Вдруг я увидел, как герцог, который командовал центром, сделал знак
нескольким отрядам, стоявшим позади. Те двинулись вперед, по направлению к
реке, и стали рьяно пробиваться сквозь ряды неприятеля. Неодолимые,
отвоевывали они пядь за пядью на пути к реке, пока наконец не вырвались с
ликующим воплем на берег. Отступление врагу было отрезано! Человек пятьсот--
семьсот, не меньше, оказалось в окружении. Они как бы попали в мешок, и им
ничего не оставалось, как ждать, пока их уничтожат.
Я остолбенел от изумления. Я и понятия не имел о подобного рода военной
хитрости. Я принял это за малодушие. Сердце у меня колотилось, я задыхался
от радости. У меня будто гора с плеч свалилась.
Дальше последовало захватывающее зрелище. Наши отряды начали со всех
сторон теснить окруженного неприятеля, оттесняя его к узкой полоске земли
между полем боя и рекой. В конце концов враг оказался зажатым так, что не
мог шевельнуться, и тут мы стали беспощадно их изничтожать.
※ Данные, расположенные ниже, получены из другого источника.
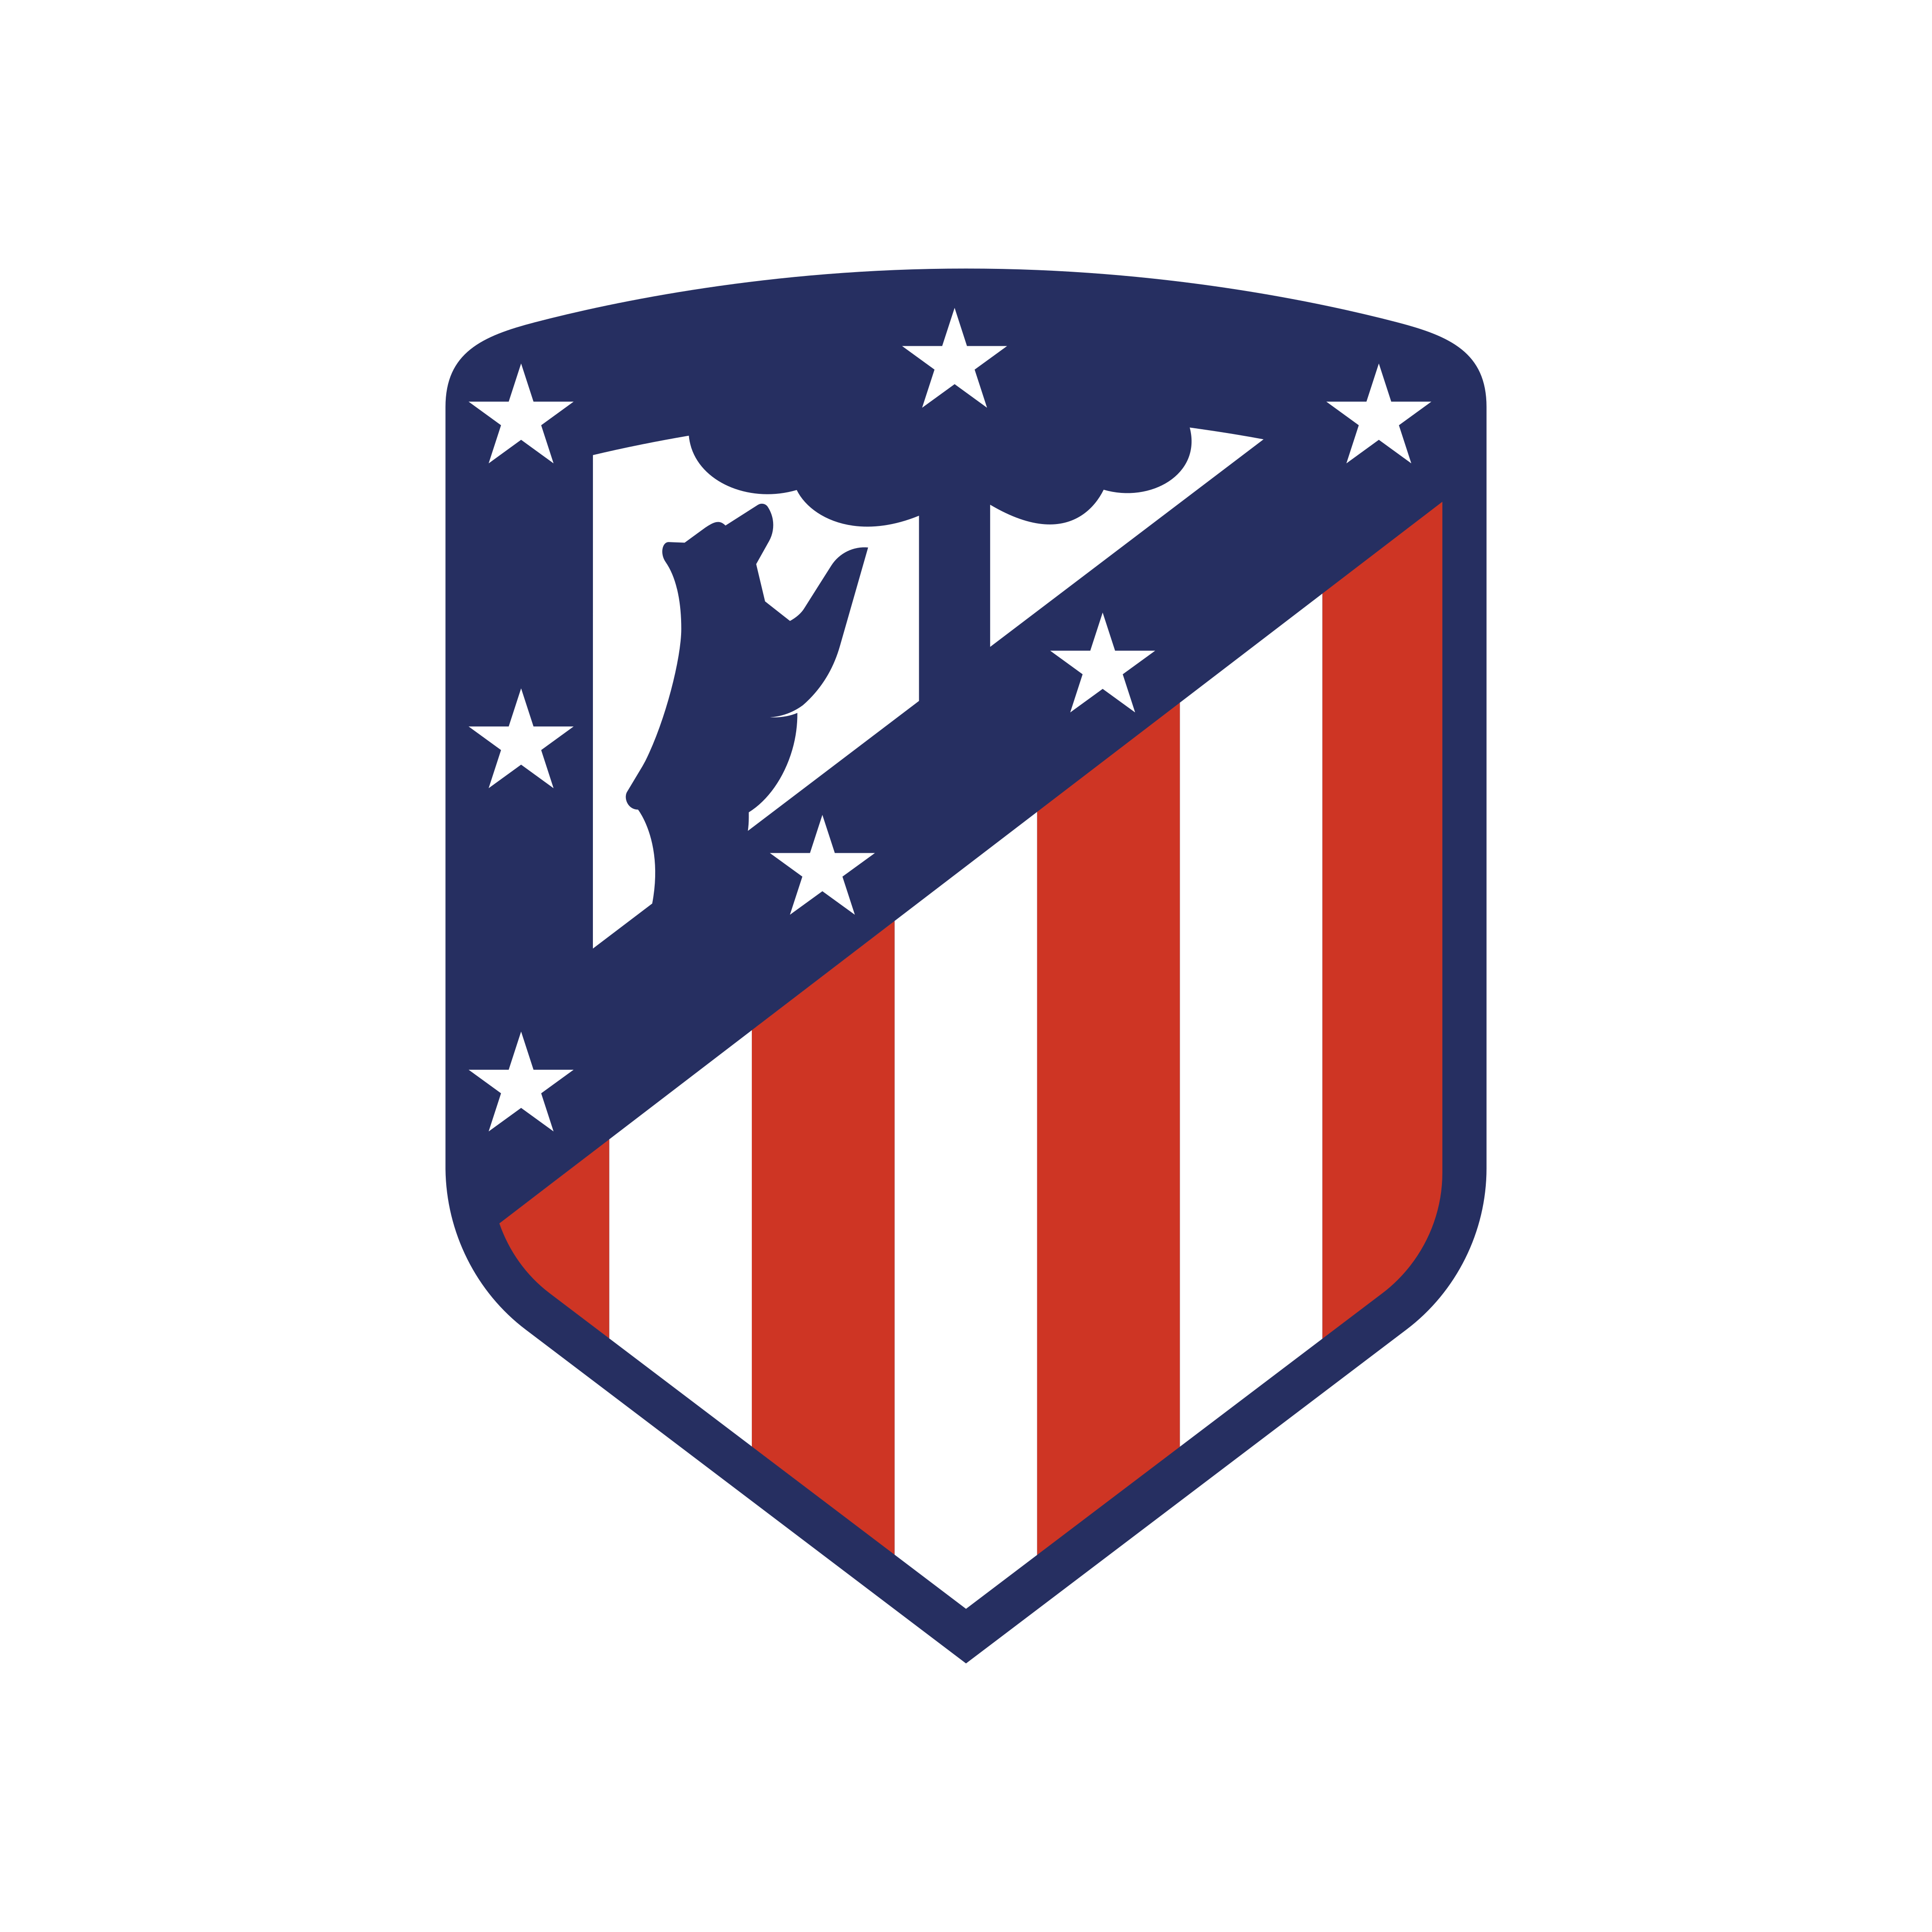 atletico madrid logo 0 - Club Atlético Madrid Logo

Я в жизни не
видел такой "кровавой бани". Баня-то получилась еще и настоящая, водяная: мы
стали теснить их уже прямо в реку, сбрасывать туда целыми кучами, топить как
котят. Они отчаянно боролись с течением, барахтались в водоворотах, вопили,
звали на помощь и вообще вели себя вовсе не по-солдатски. Почти никто из них
не умел плавать, они будто впервые очутились в воде. Тех, кому удавалось все
же вынырнуть, тотчас закалывали, тех же, кто пытался переправиться на другой
берег, уносило бурным течением. Почти никому не удалось спастись.
Бесчестье обернулось блистательной победой!
С этой минуты события развивались с невероятной стремительностью. Центр
обрушился на неприятеля, левый фланг тоже, на правом фланге отряды
Боккароссы рубили врага с удвоенной яростью. А вниз со склонов ринулась с
пиками наперевес свежая, отдохнувшая конница и врезалась в самую гущу
схватки, произведя полнейшую панику в измотанных, теснимых рядах войска
Лодовико. Не выдержав, они очень скоро показали нам спину. И с конницей во
главе мы бросились вдогонку, чтобы уж до конца пожать плоды нашей
замечательной победы. Герцог, естественно, не намерен был упускать
открывавшихся перед ним возможностей. Несколько отрядов, и пехота, и
конница, отделились вдруг от остального войска и двинулись по направлению к
боковому ущелью -- очевидно, с целью отрезать путь противнику. Как дальше
развивались события, нам уже не было видно, так как горы скрыли от нас
действия обоих войск. Все разом исчезло из глаз, скрывшись меж покрытыми
виноградниками холмами по другую сторону равнины, которая только что была
театром военных действий.
В нашем лагере на холме началась суматоха, все пришло в движение.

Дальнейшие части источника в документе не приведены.